*** Information provided Section Begins ***
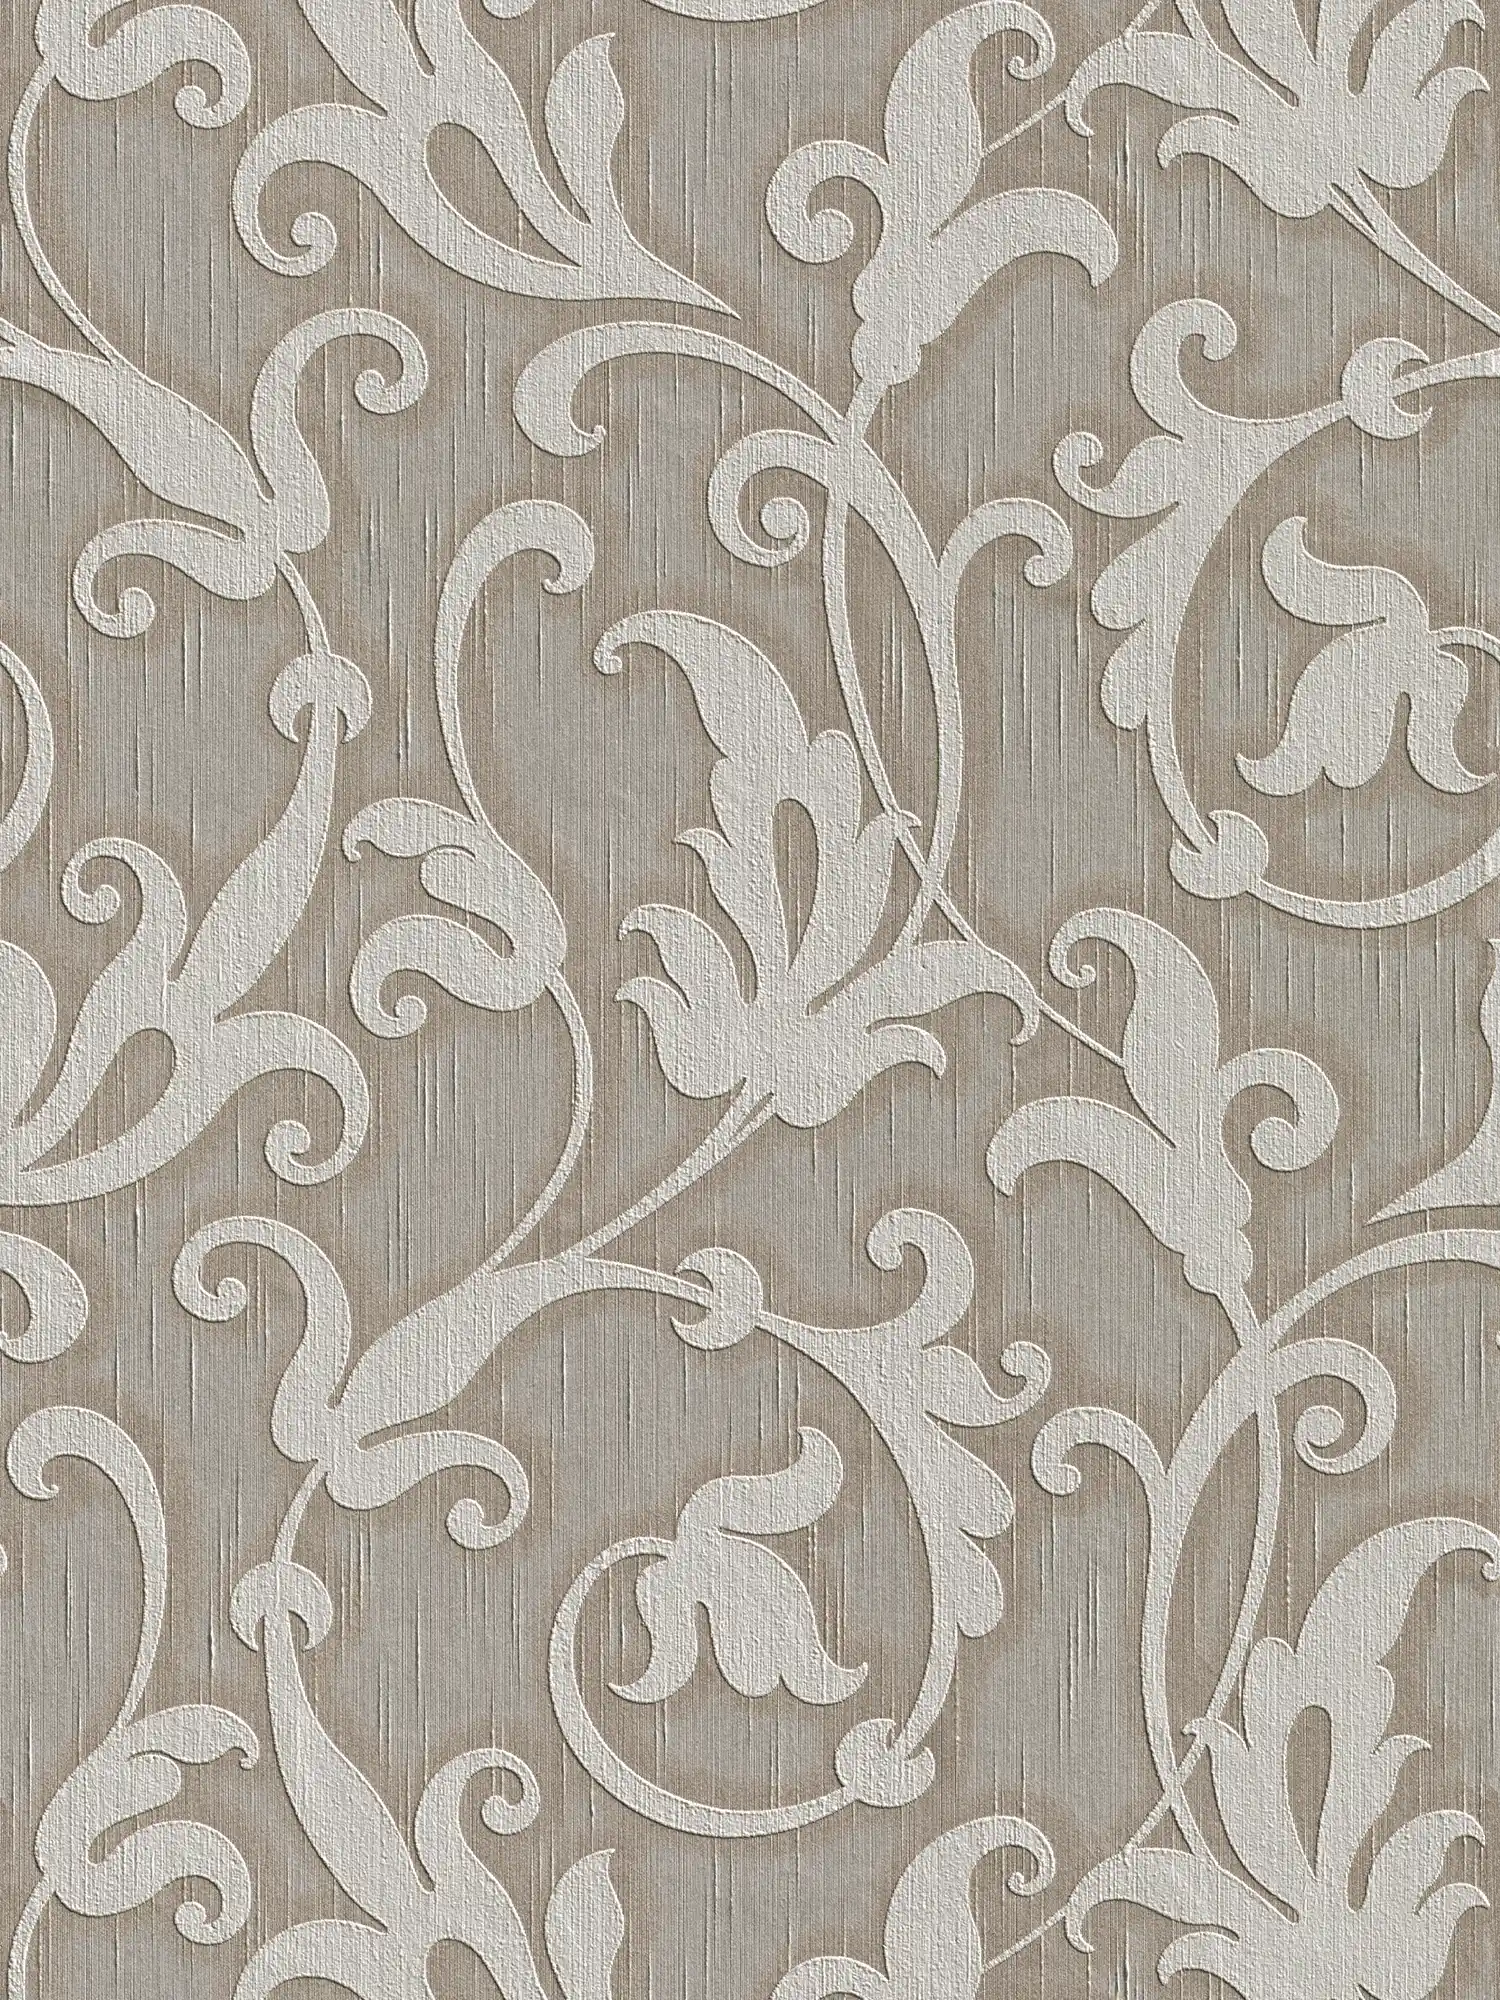 Hoogwaardig ornamentbehang met textielstructuur & reliëfpatroon - grijs, bruin
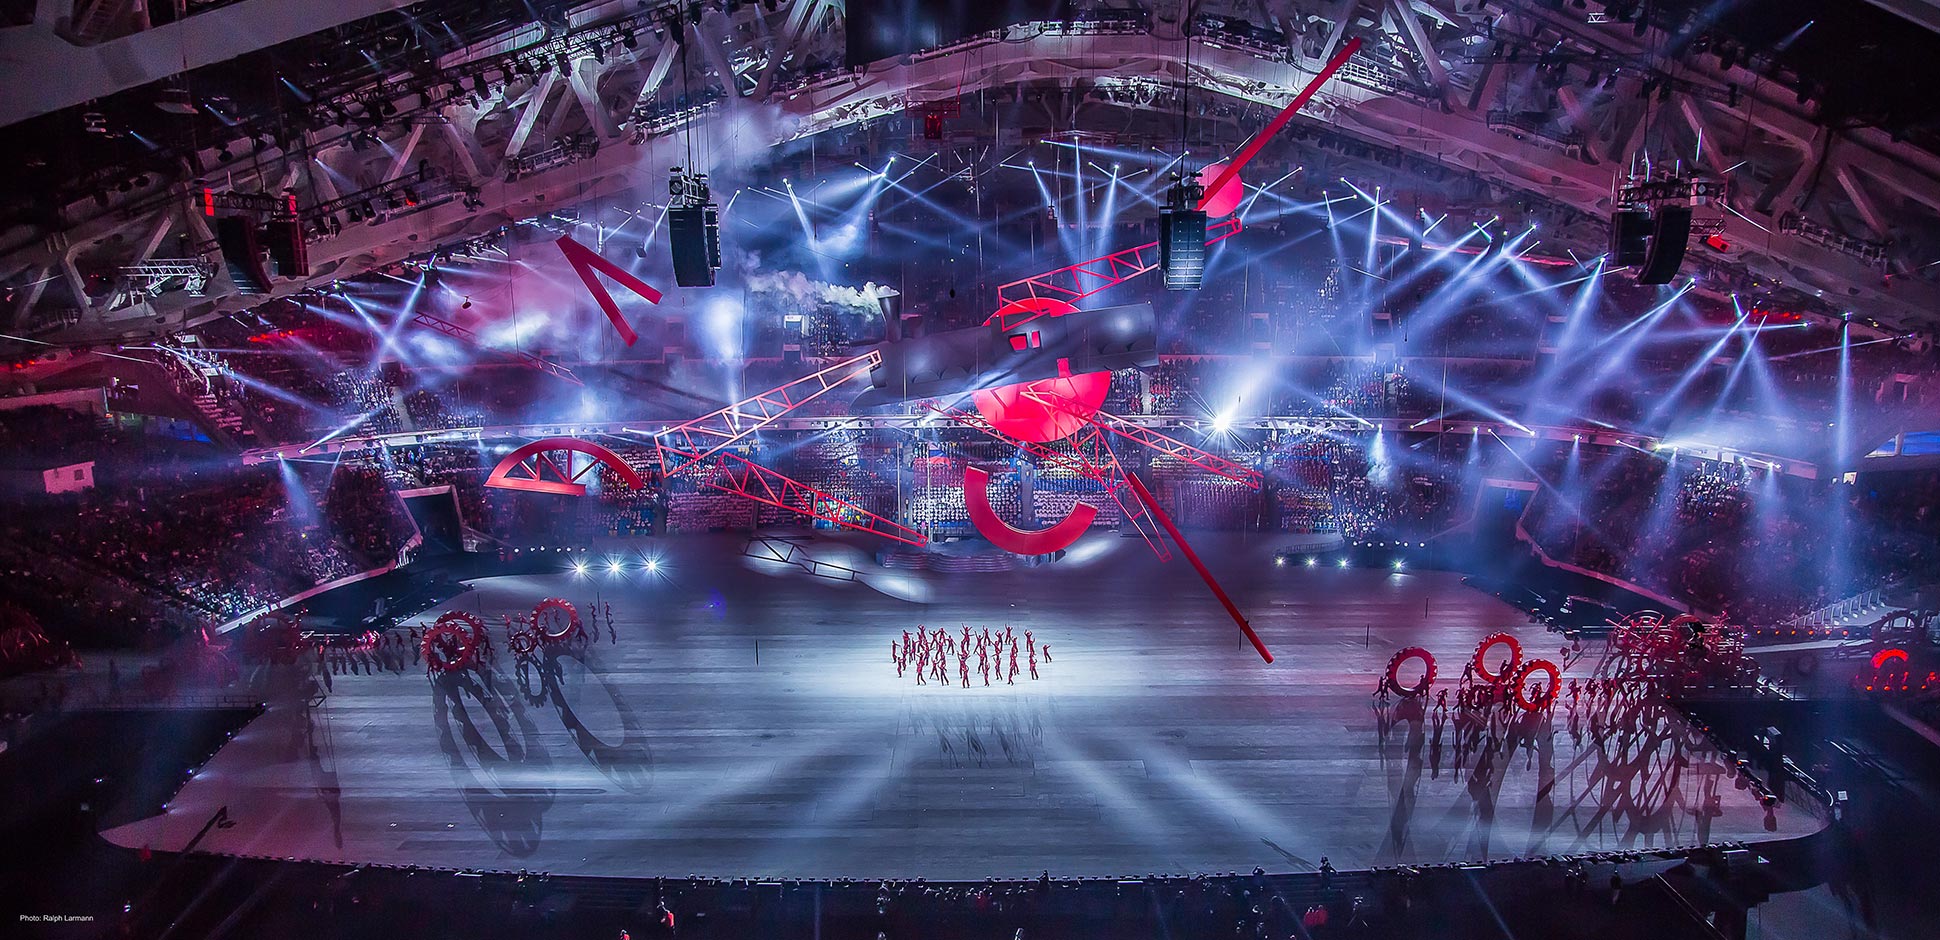 Sochi.Opening
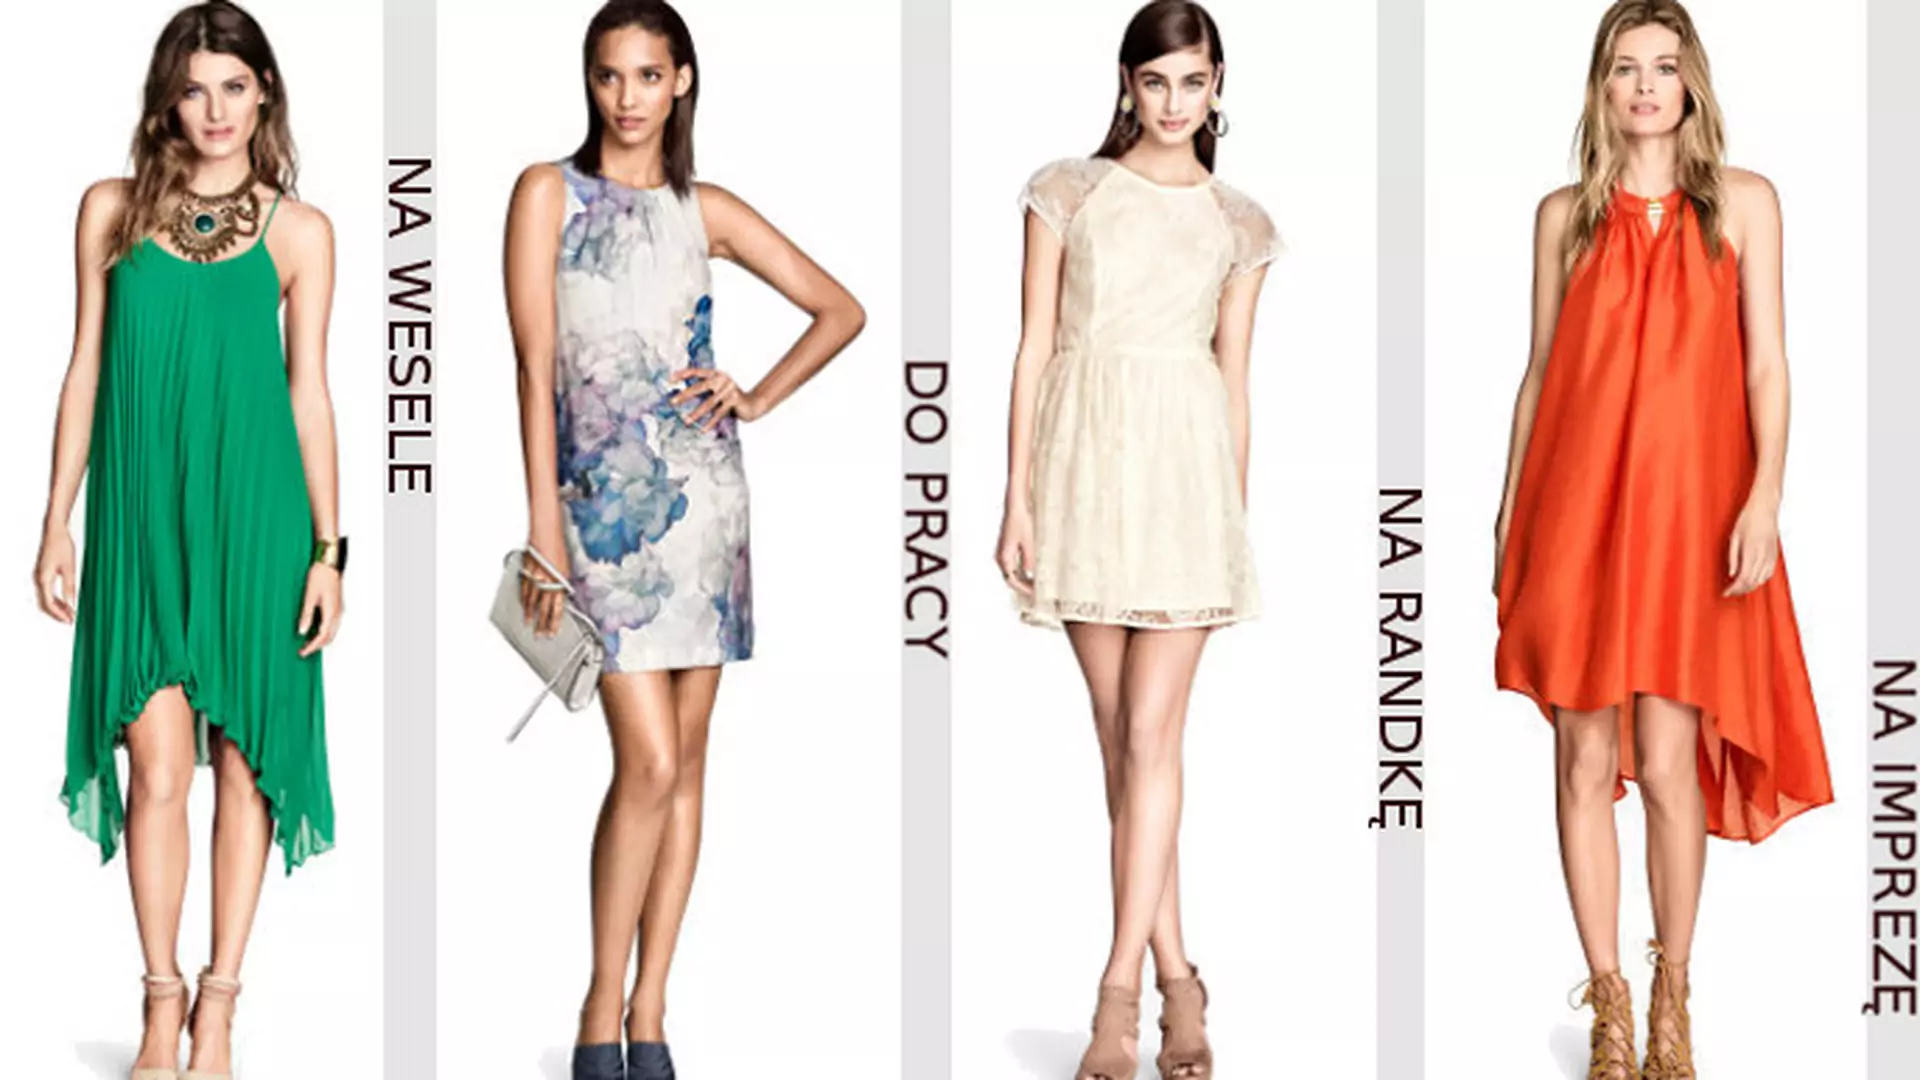 Wiosenne sukienki H&M do 100 zł w 5 stylizacjach na różne okazje
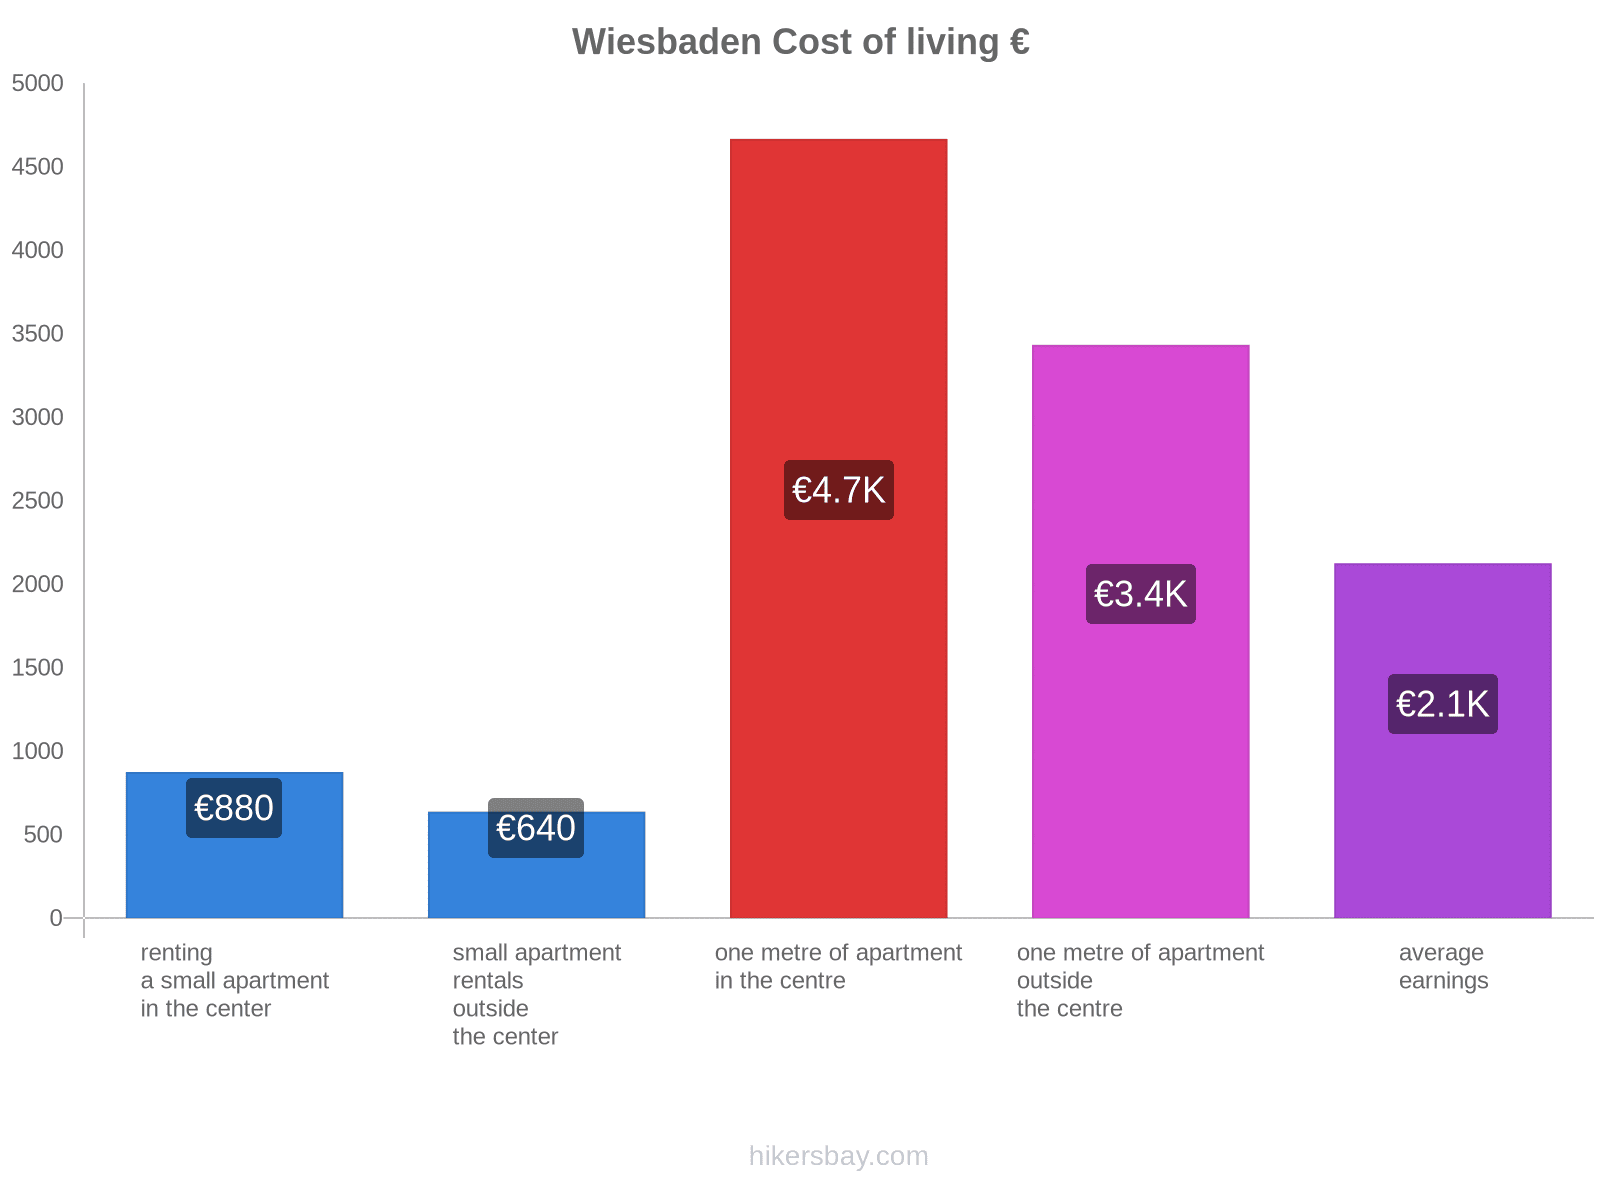 Wiesbaden cost of living hikersbay.com
*** Information provided Section Ends ***
> [Instructions to follow]: Excluding images, output exactly the lines from the one that holds "Sochi.Opening" through the final line of the material, both ends included.

> [Reply]:
 Sochi.Opening
 Wiosenne sukienki H&M do 100 zł w 5 stylizacjach na różne okazje
 Wiesbaden cost of living hikersbay.com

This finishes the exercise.